#### [Task item]
Records follow. Print exactly the lines from the one that has "Map of fires" through the one that has "Partially open 13-inch", inclusive, and omit the pictures.

#### [Given data]
--- START ---
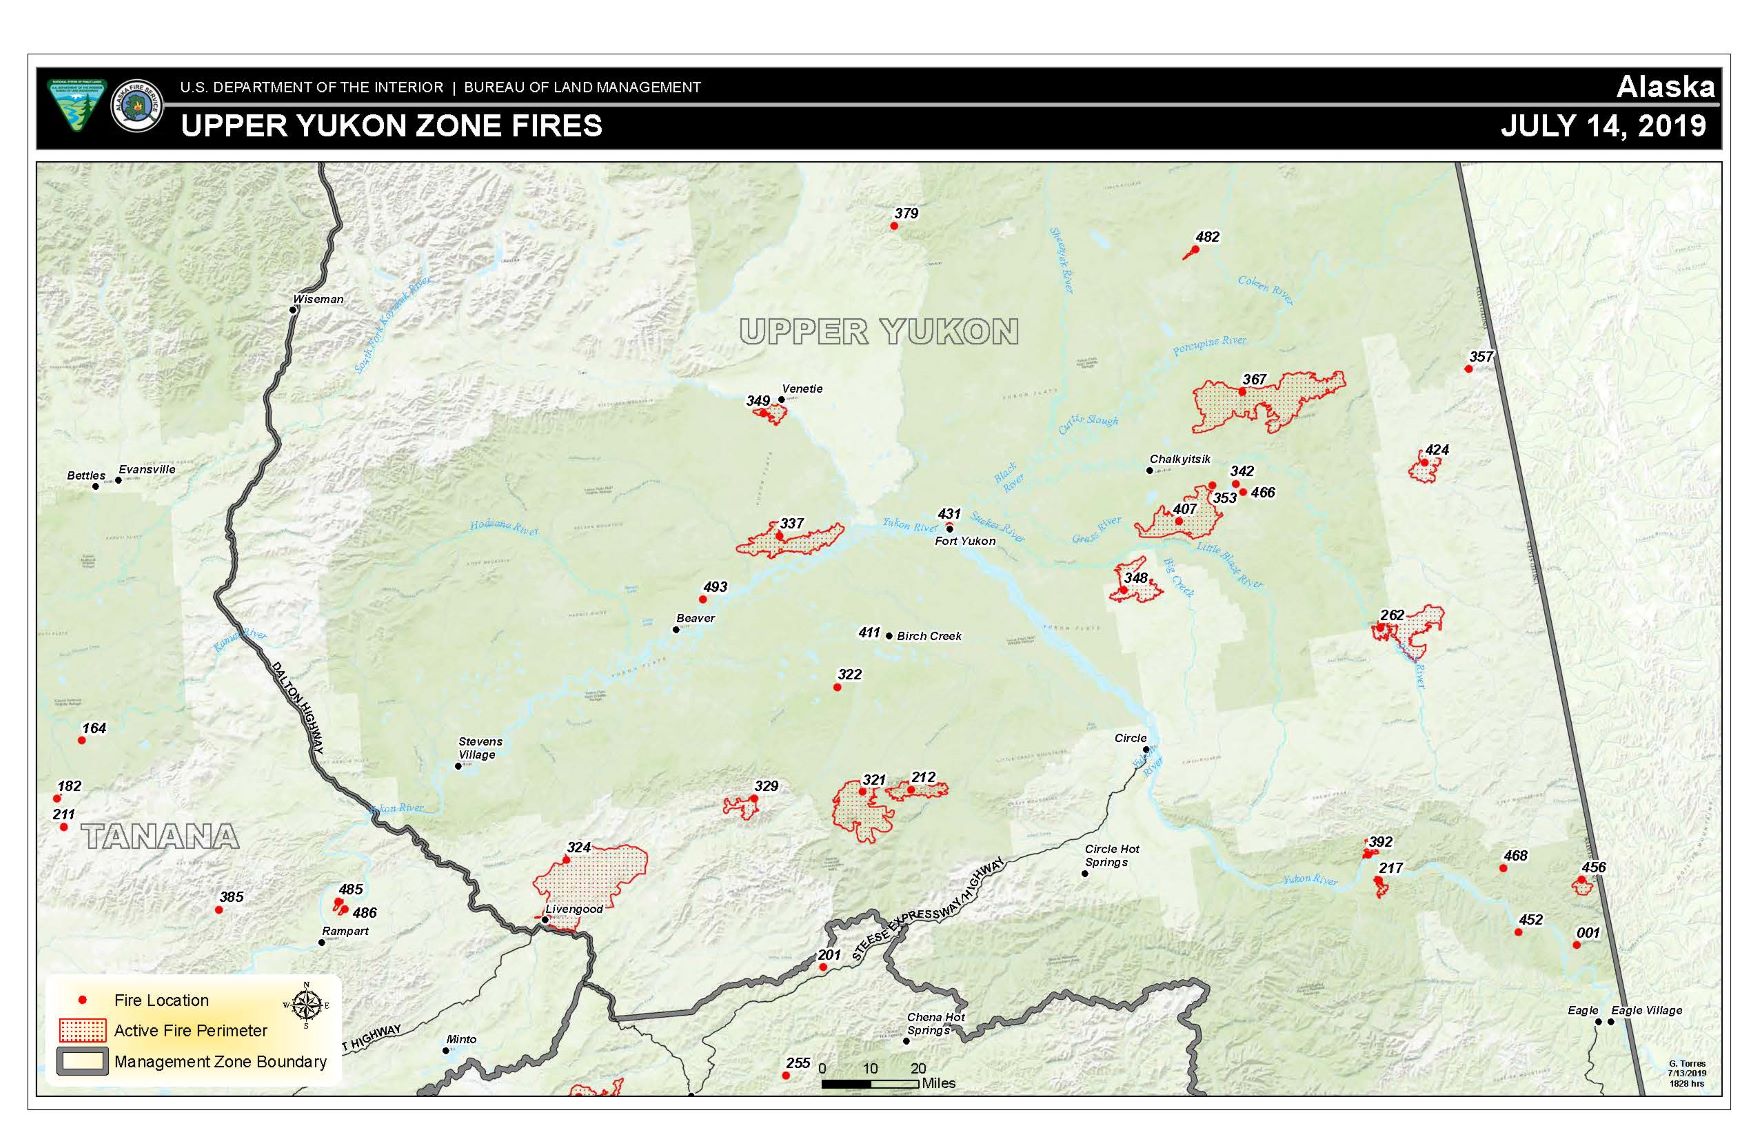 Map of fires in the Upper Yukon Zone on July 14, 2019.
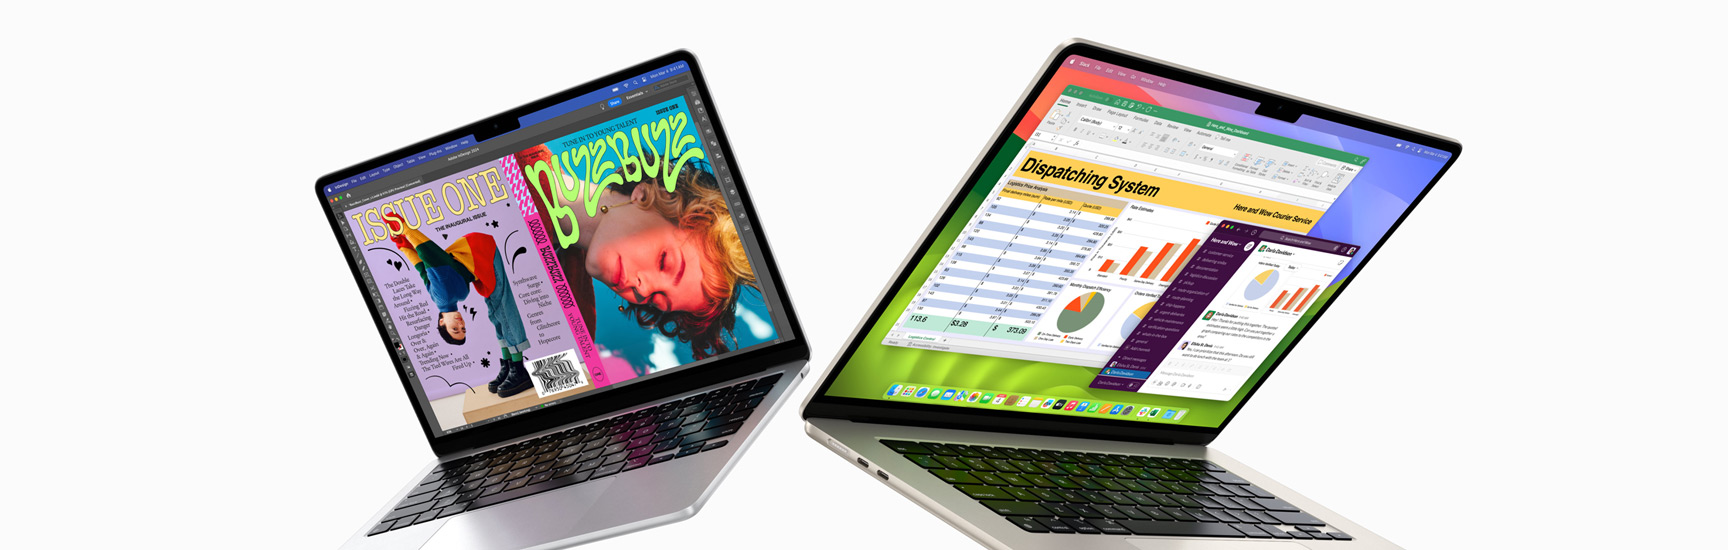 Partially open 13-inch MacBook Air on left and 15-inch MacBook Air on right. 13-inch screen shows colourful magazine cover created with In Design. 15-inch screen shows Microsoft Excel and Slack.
--- END ---
--- START ---
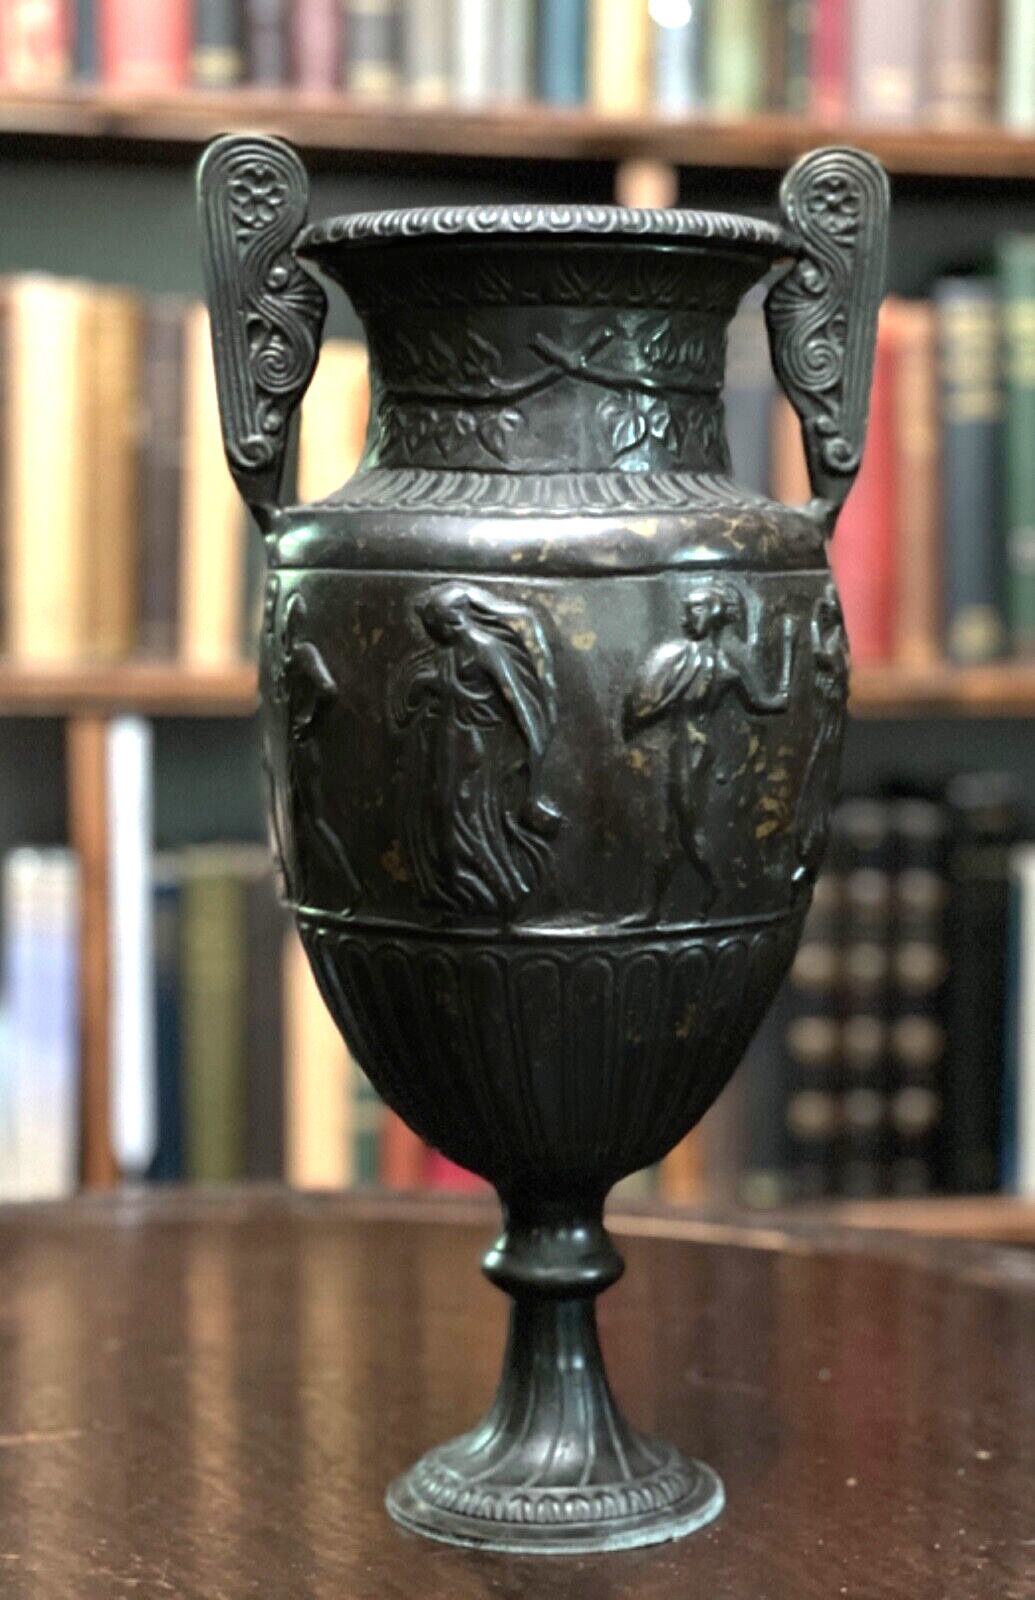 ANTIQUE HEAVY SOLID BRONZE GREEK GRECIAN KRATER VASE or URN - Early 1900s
--- END ---
#### [Answer area]
 Map of fires in the Upper Yukon Zone on July 14, 2019.
 Partially open 13-inch MacBook Air on left and 15-inch MacBook Air on right. 13-inch screen shows colourful magazine cover created with In Design. 15-inch screen shows Microsoft Excel and Slack.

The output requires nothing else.